■ Problem to work on:
Give back exactly the stretch of data below from the line holding "L'offerta calcio di" through the line holding "businesscard-design-noebel-leipzig-agency", both ends included, and leave the remaining lines out.

■ Extracted data:
----

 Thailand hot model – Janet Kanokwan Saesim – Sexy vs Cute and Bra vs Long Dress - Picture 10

----

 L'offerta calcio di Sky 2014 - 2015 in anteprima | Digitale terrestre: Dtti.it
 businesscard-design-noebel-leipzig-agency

----

■ Answer section:
 L'offerta calcio di Sky 2014 - 2015 in anteprima | Digitale terrestre: Dtti.it
 businesscard-design-noebel-leipzig-agency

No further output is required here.